The stone artifact assemblages found in association with the skeletal remains of H. floresiensis are dense and demonstrate continuity in production method and tool type throughout the cave deposits. There are a large number of bifacial (struck on both sides) and radial (struck from the outer edge towards the center) cores (rocks from which pieces [flakes] are chipped to produce tools), similar to the Oldowan stone artifact assemblages in East Africa. More complex tools—e.g., points (sharpened, pointed tools), perforators (tools designed to make holes or incisions), blades (flake that is at least twice as long as it is wide), and microblades (blades less than 10 mm, often components of composite tool technology)—have also been recovered. The combination of primitive, Oldowan-like core technology with more advanced tool assemblages is quite uncommon in the archaeological record and make interpretations of the stone tool assemblages found in association with H. floresiensis difficult. Some researchers have questioned whether H. floresiensis had the cognitive capacity to make the more complex tools, citing its small brain size. However, no skeletal remains of H. sapiens have been found at sites bearing H. floresiensis skeletal material and artifacts commonly associated with the symbolic behaviors of H. sapiens (e.g., personal ornaments, pigments, and formal disposal of the dead) are also absent, suggesting that H. floresiensis was the manufacturer of all the tools found at this site.

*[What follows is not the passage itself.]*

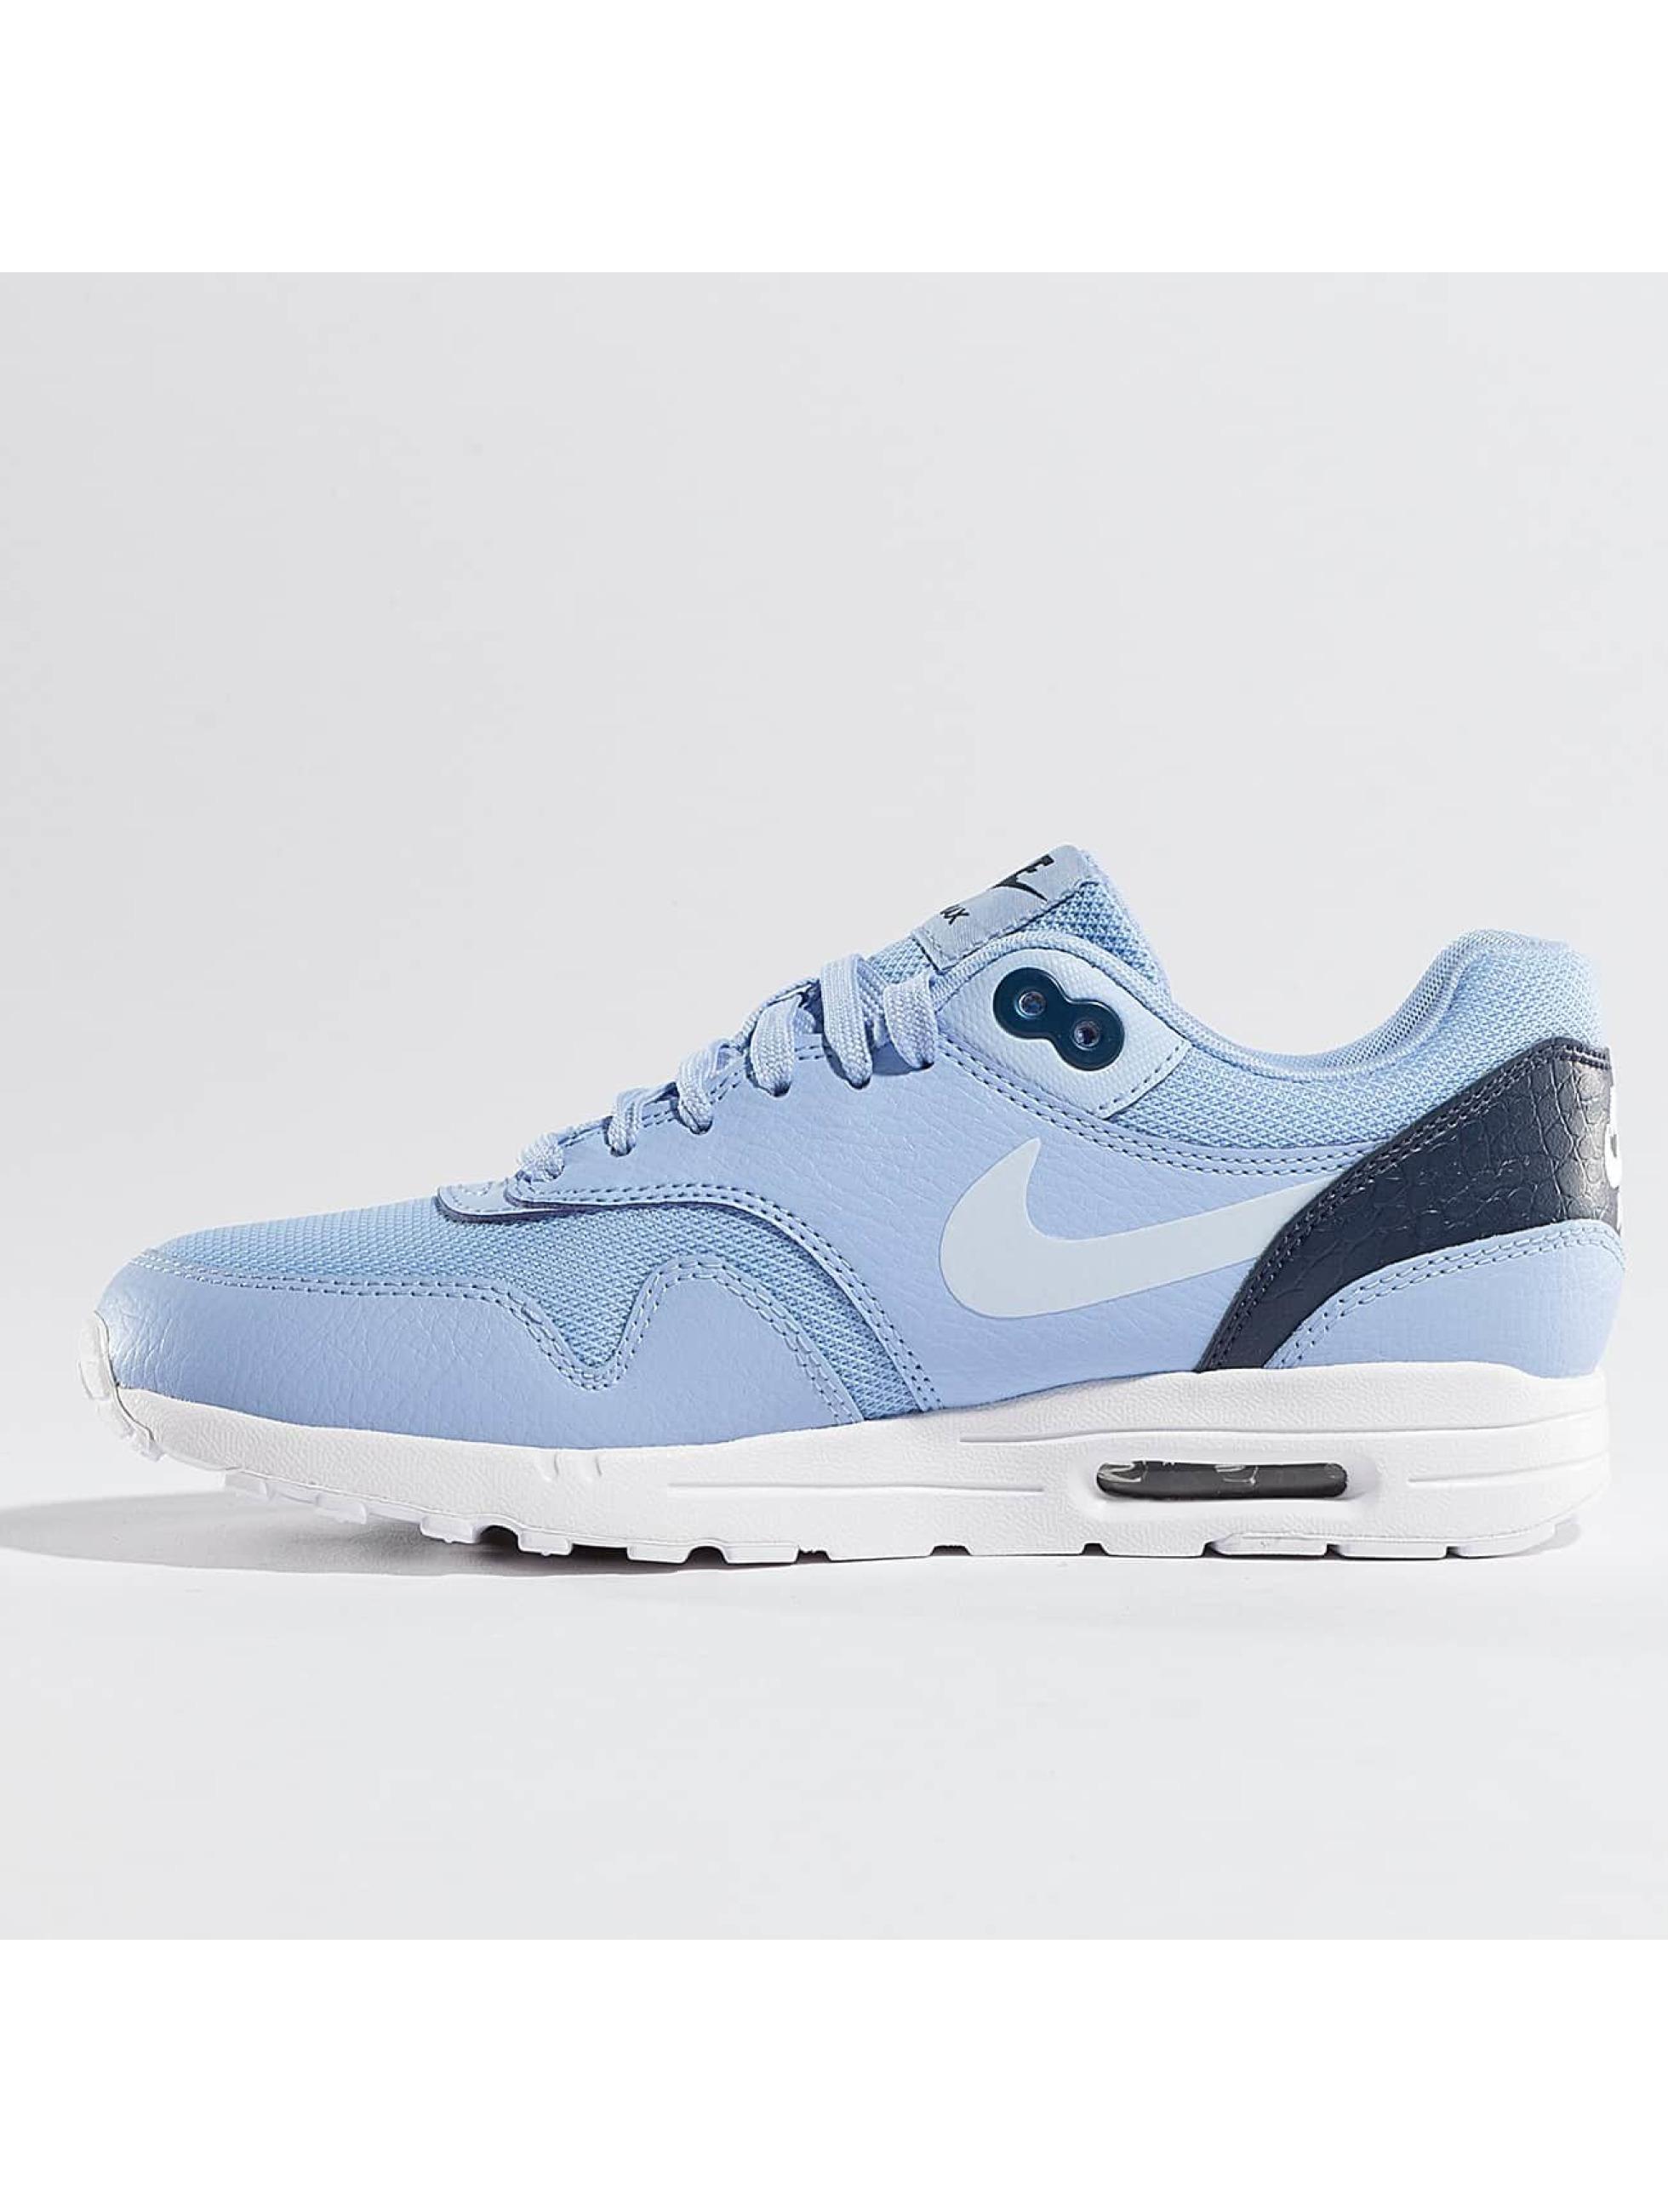 Nike Sneakers Women's Air Max 1 Ultra 2.0 modrá

Researchers have recently recovered stone tools from a site close to the cave on Flores Island. This site dates to roughly 1.02 million years ago and therefore provides a new minimum age for hominin inhabitation of the island. The artifacts found at this site are similar to those found at the original site; they are small flakes and both bifacially and radially struck cores. However, the absence of skeletal remains at this second site disallows the establishment of a direct link between H. floresiensis (or any other hominin species) and this stone tool assemblage.
The reconstructed paleoenvironment for H. floresiensis spans three cycles of glacial (cold, dry periods) to interglacial (warm episodes between glacial intervals) changeovers. The earlier cave sediments suggest a wet, rich surrounding environment with dense forests. However, a shift is indicated after 39,000 years ago, and Flores begins a transition to more arid conditions. There is a reduction in rainfall and forest cover as well as the development of widespread grasslands. The environment changed yet again 17,000 years ago and became gradually more wet. The appearance of parrots in the assemblage suggests that the local flora was changing into a more closed canopy forest, similar to present day environments.